Task statement: Although the listing below holds pictures, reproduce only its lines from the one containing "Beige Cap Sleeve A-Line Dress With Pokcet" through the last, exactly and without them.

Given data:
#####
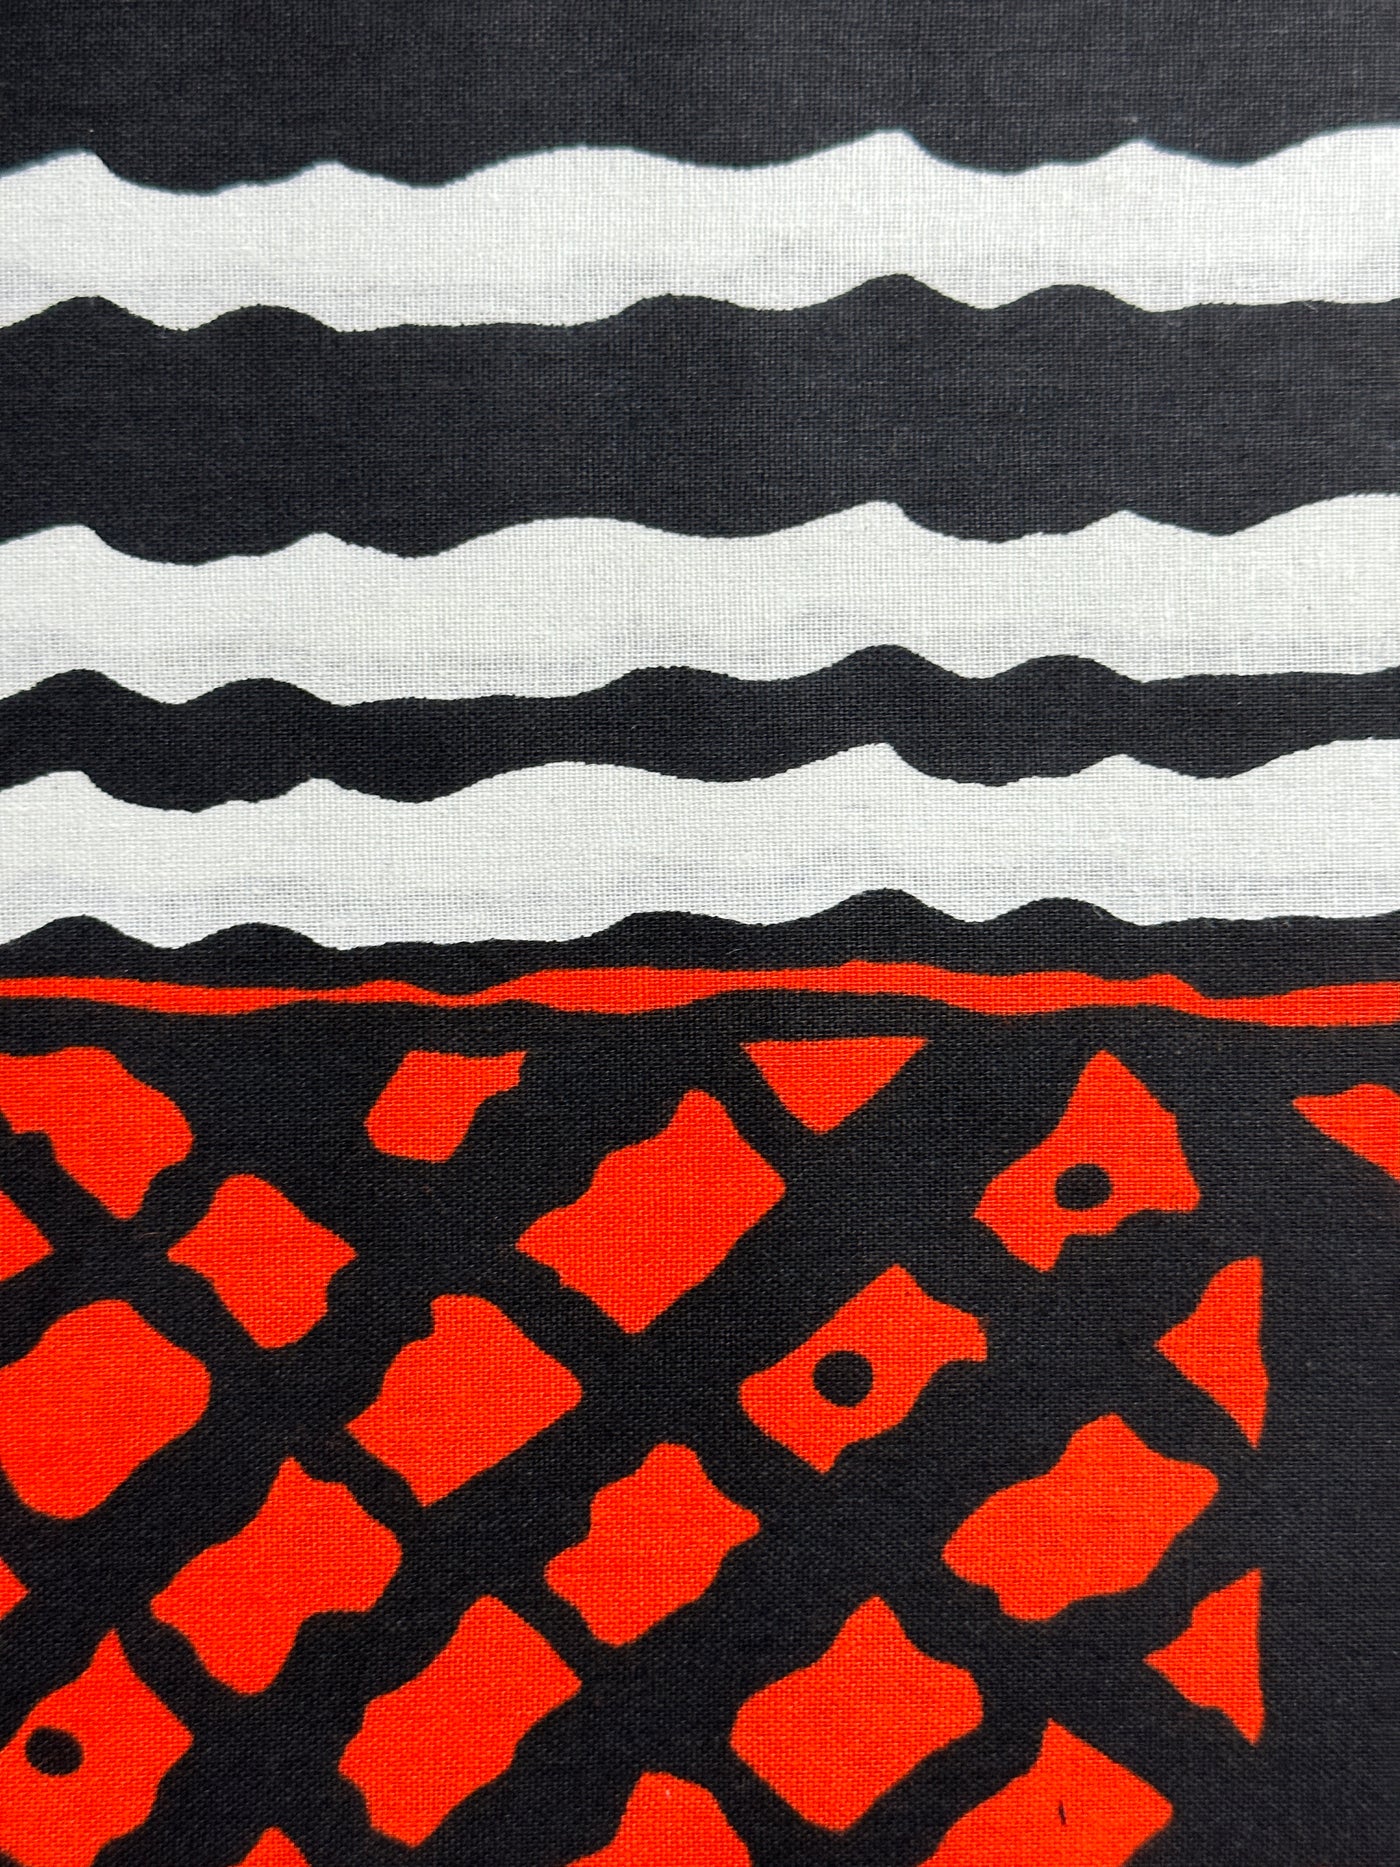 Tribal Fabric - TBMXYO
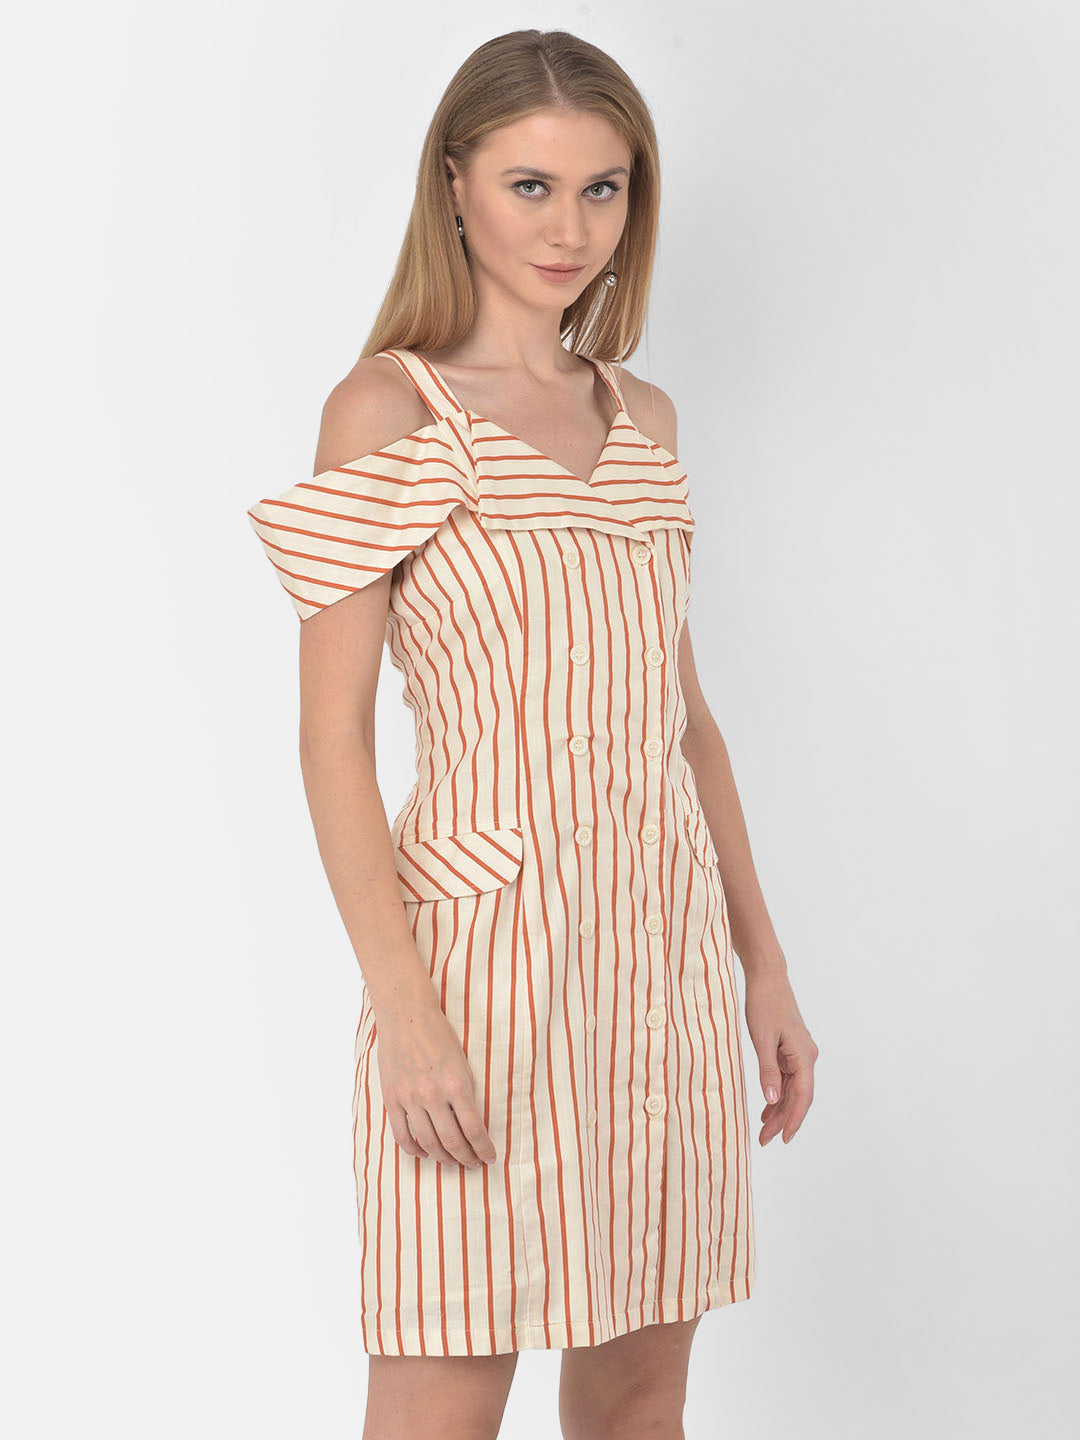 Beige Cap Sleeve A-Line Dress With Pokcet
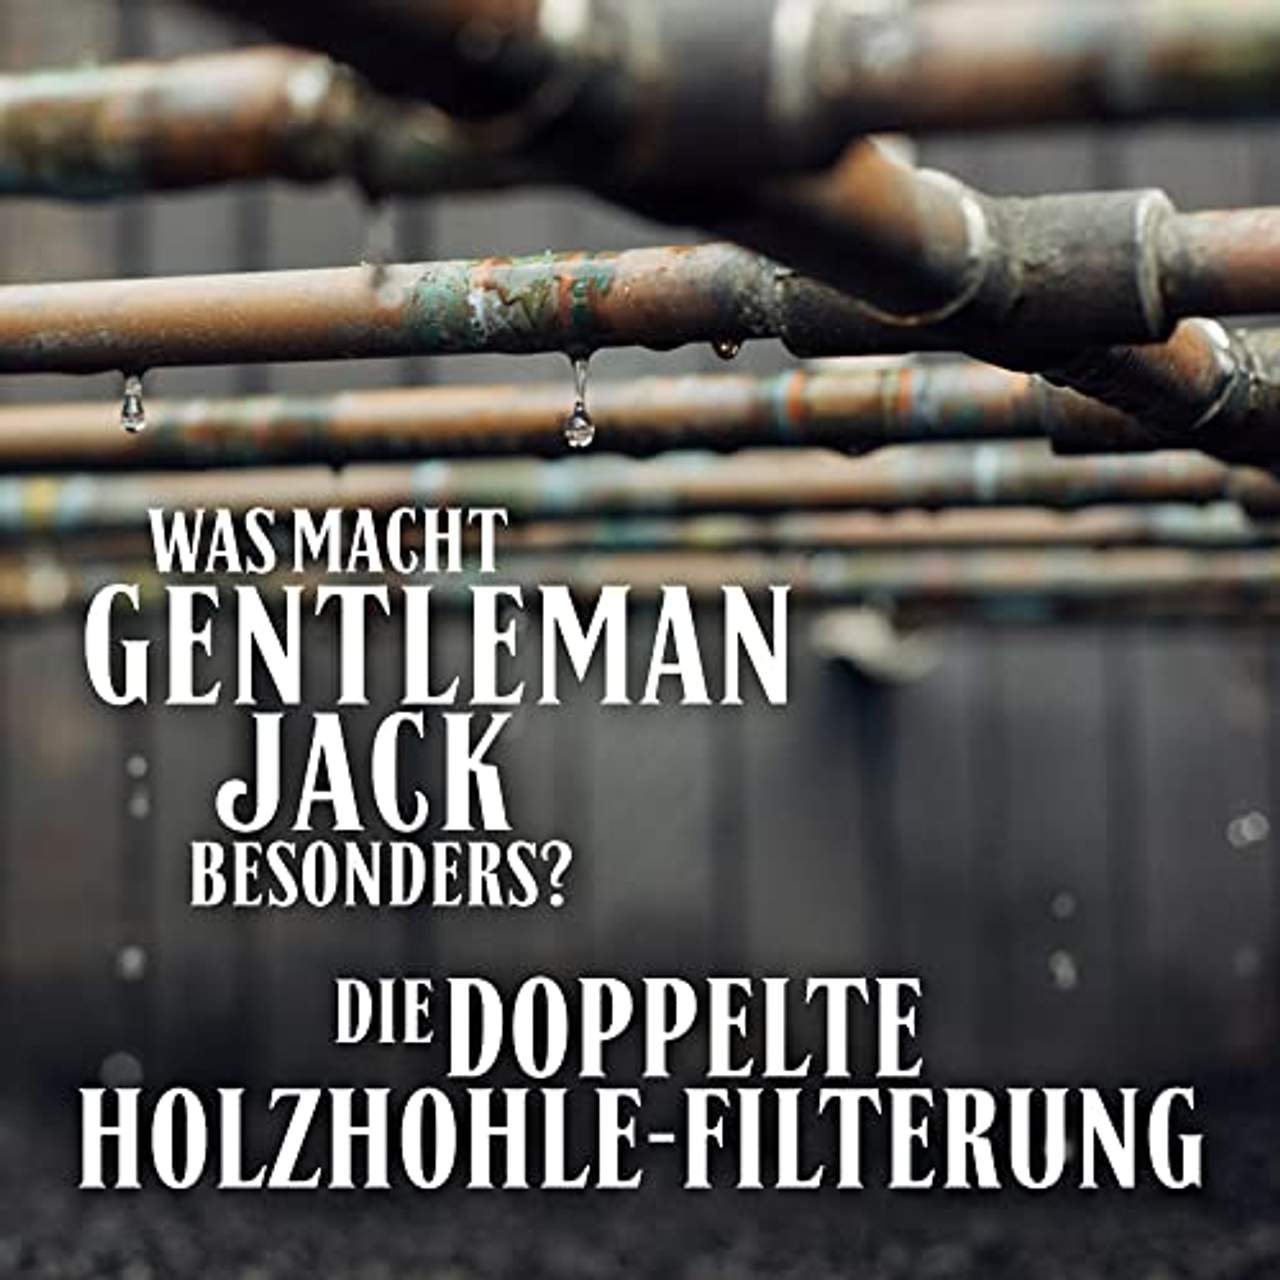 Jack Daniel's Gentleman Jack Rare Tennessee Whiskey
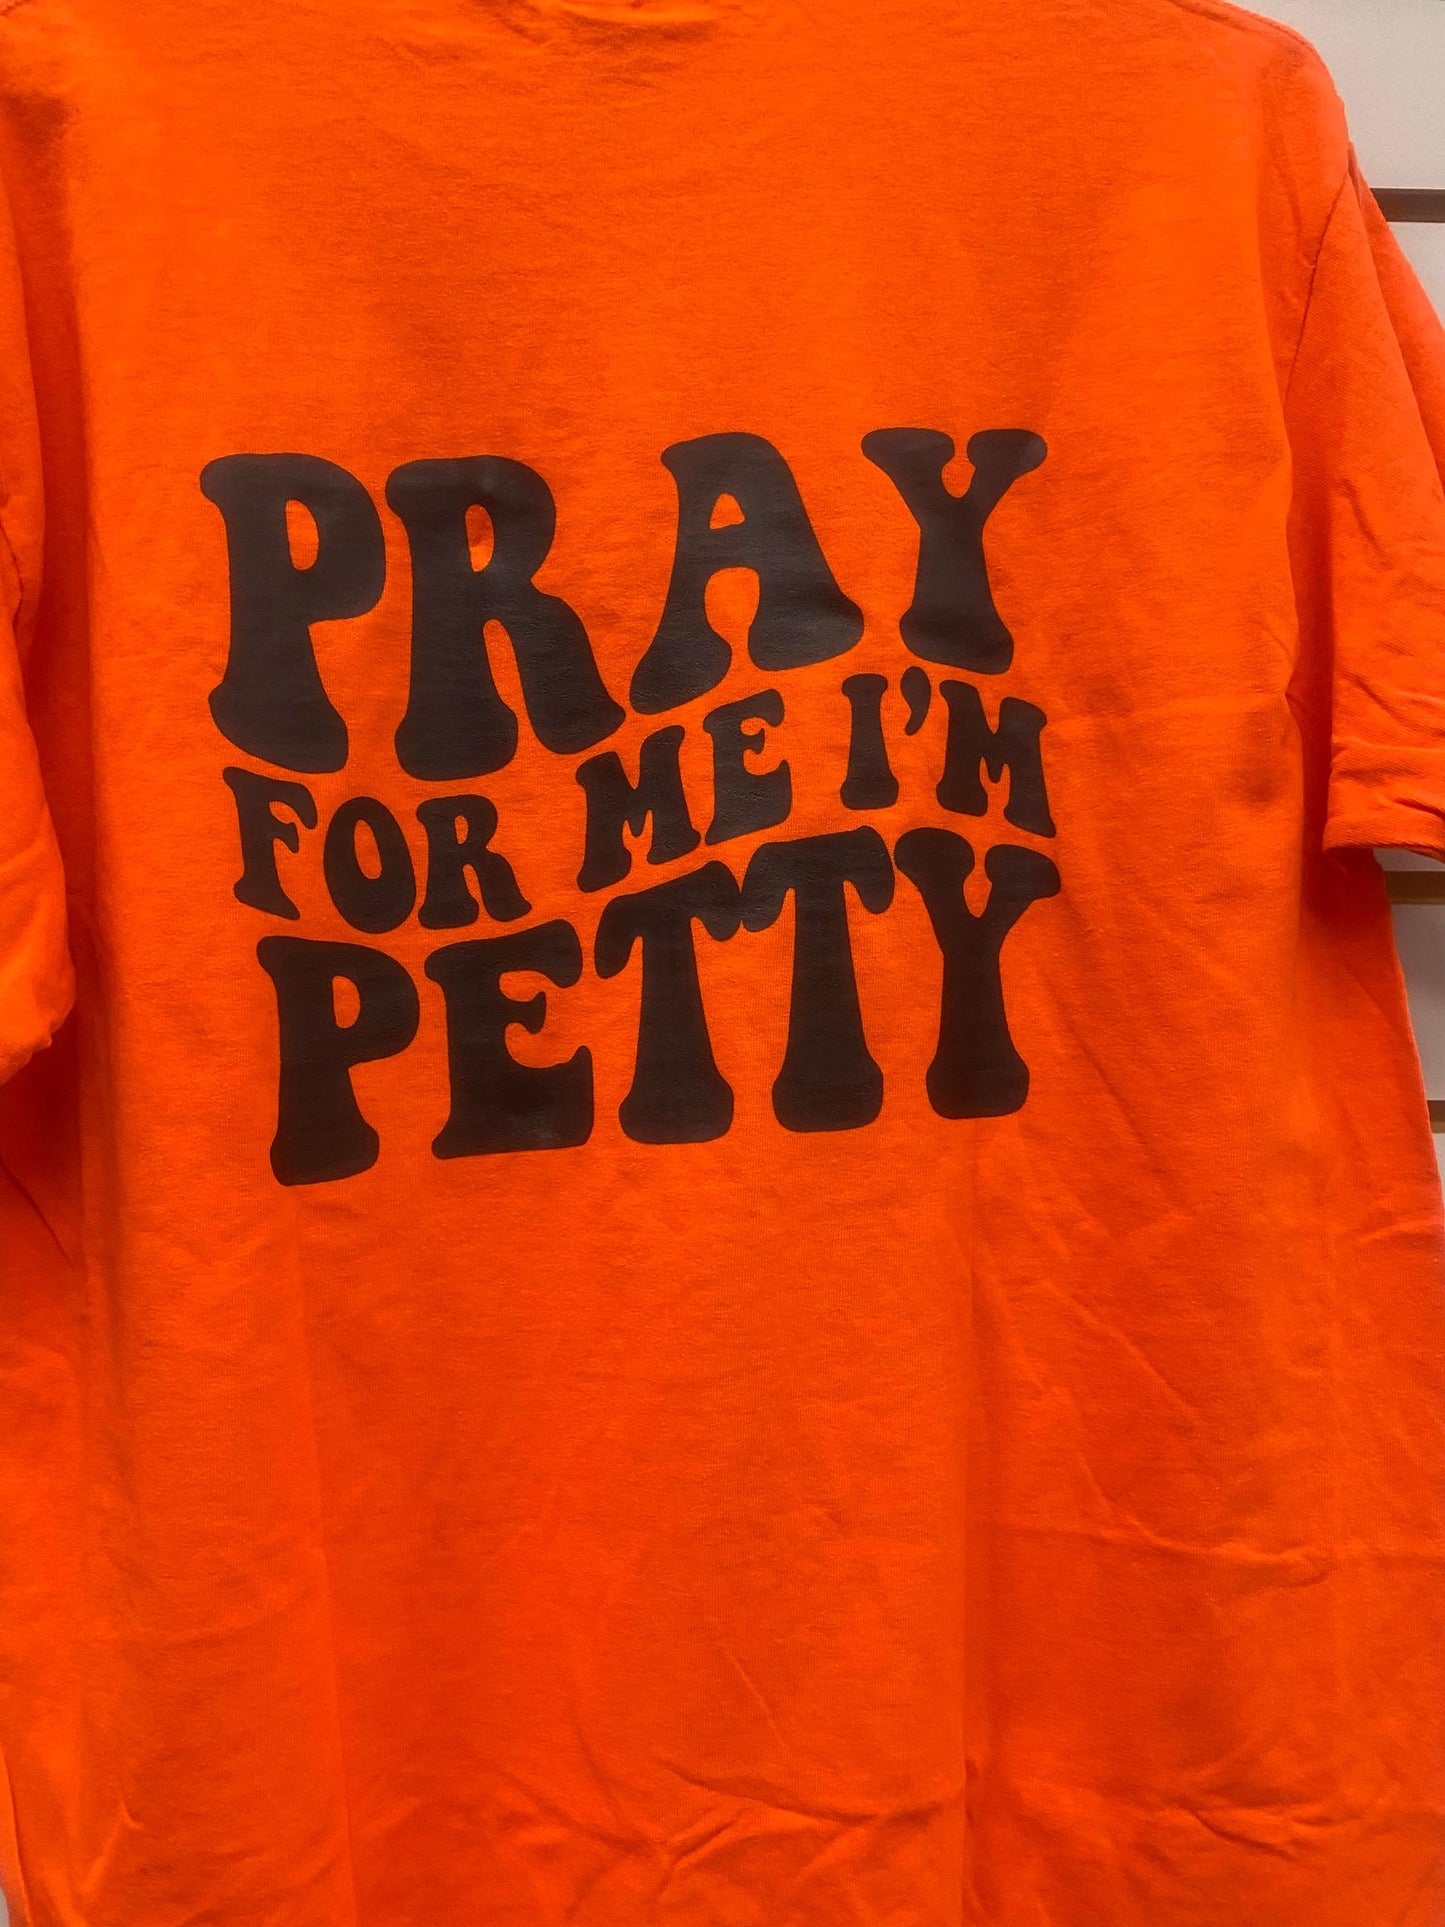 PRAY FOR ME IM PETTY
#####
Answer to the exercise:
 Beige Cap Sleeve A-Line Dress With Pokcet
 Jack Daniel's Gentleman Jack Rare Tennessee Whiskey
 PRAY FOR ME IM PETTY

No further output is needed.